Вот-вот, казалось мне, пыль поднимается по этой дорожке, а за ней покажется и дормез, а в нем мое счастье, в нем моя жизнь.

Но пыль, поднятая ветром, улегалась. Начинал кропить частый осенний дождь. Ветер и холод все больше и больше крепчали.

В одно утро все вершины покрылись снегом, который пролежал на горах до полудня. В воздухе пусто, холодно, тяжело, а на сердце… на сердце налег какой-то непроглядный туман.

Ожидание и тоска наконец измучили, истомили всю душу. Порой, когда я сидел, закутавшись в бурку, на крепостной стене, мне казалось, что все кругом, вся жизнь — какой-то смутный, глупый сон… «Пустая и глупая шутка!»

Ну что же! Приедет она, промелькнут восторги, уляжется любовь, и останется одна тоска. Нервы опять опустятся.
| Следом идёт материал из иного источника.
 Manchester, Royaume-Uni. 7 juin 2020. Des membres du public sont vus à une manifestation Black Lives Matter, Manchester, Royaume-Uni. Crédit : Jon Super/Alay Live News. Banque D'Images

И вся жизнь, вся сложена из этих постоянных волн: то трепет страсти, то скука и тоска будничной халатной жизни.

Впрочем, вспоминать теперь об этой далекой поре, а тем больше придавать какое-то значение этим воспоминаниям, право, неумно и невесело, а главное — никому не «занятно»!

LX

Перехожу к делу, или, правильнее говоря, к действительному, реальному горю.
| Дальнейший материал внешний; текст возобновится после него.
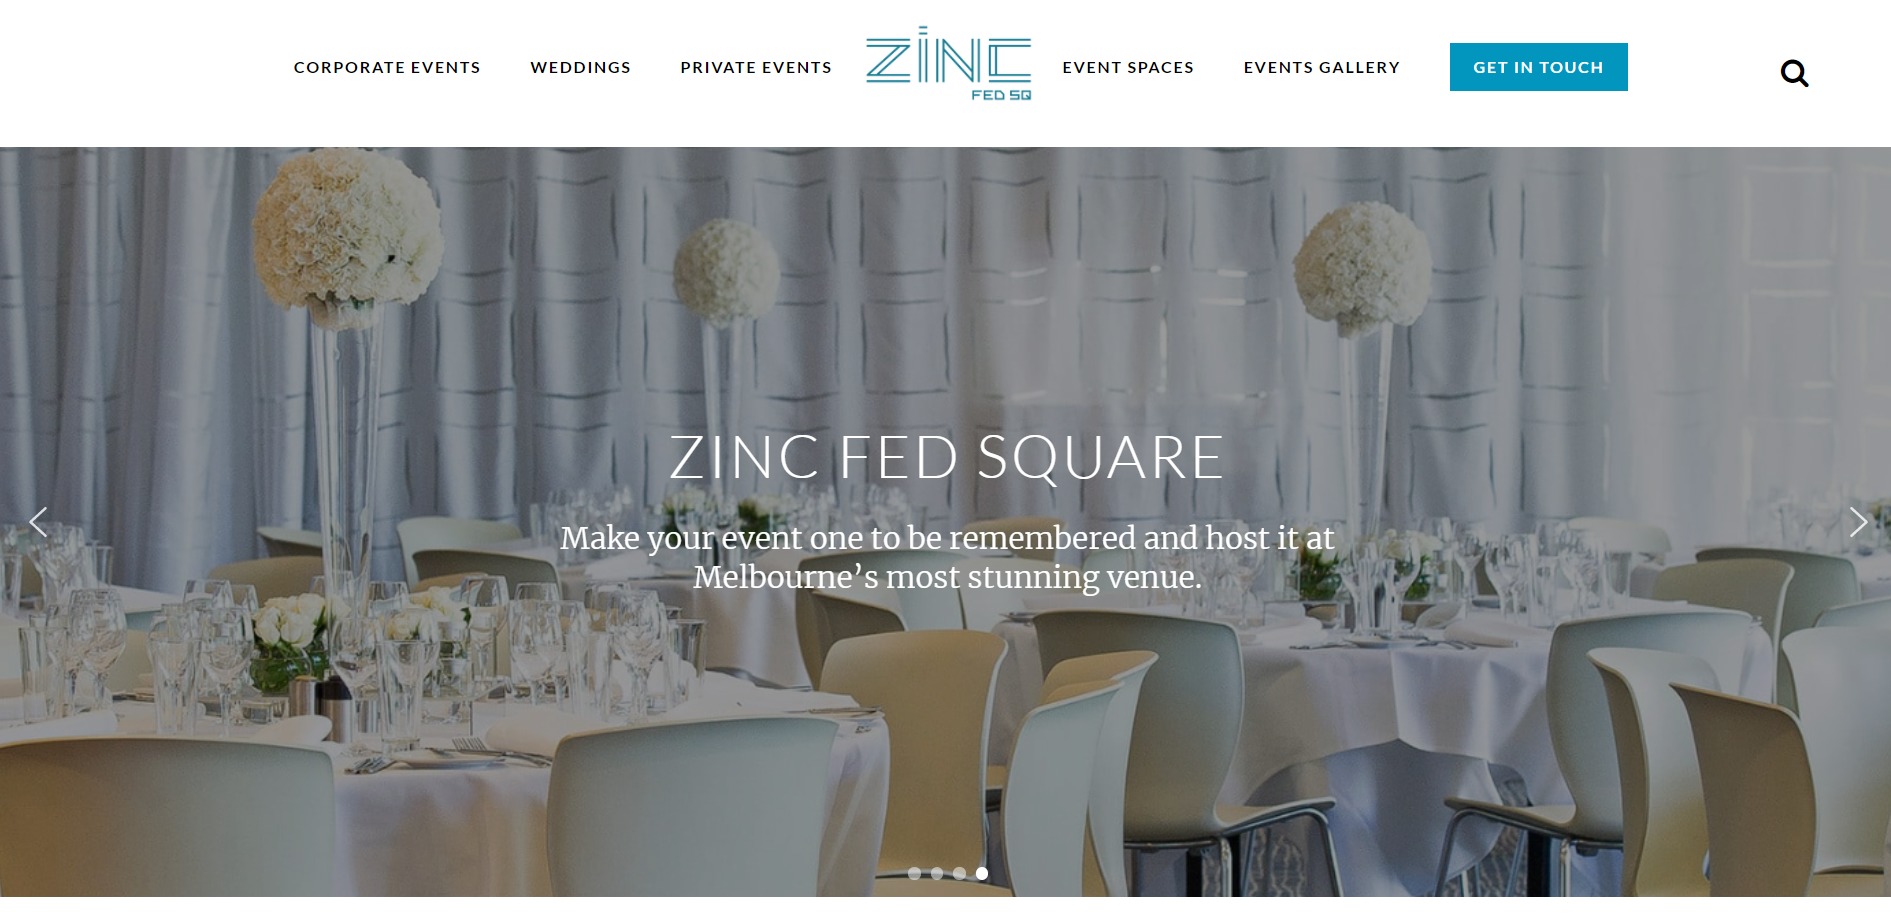 Zinc Fed Square

Всю мою тоску я приносил к моему верному, милому другу, к сердечной и любящей Марье Александровне.

Она говорила мне о суетности земной жизни, о непрочности земных привязанностей и всегда убеждала меня, что центр всего там, в той высшей жизни.

— Если бы люди узнали это, то поверьте, что совсем бы изменили свою жизнь… Со всеми все было бы иное.

— Но, добрая моя Марья Александровна, люди и теперь знают это, но очень немногие, которые составляют исключение. Следовательно, вы хотите, чтобы исключение сделалось общим правилом. Но согласитесь, что если бы такой взгляд сделался общим, нормальным, тогда все бы отреклись от земного и пошли бы в монастыри.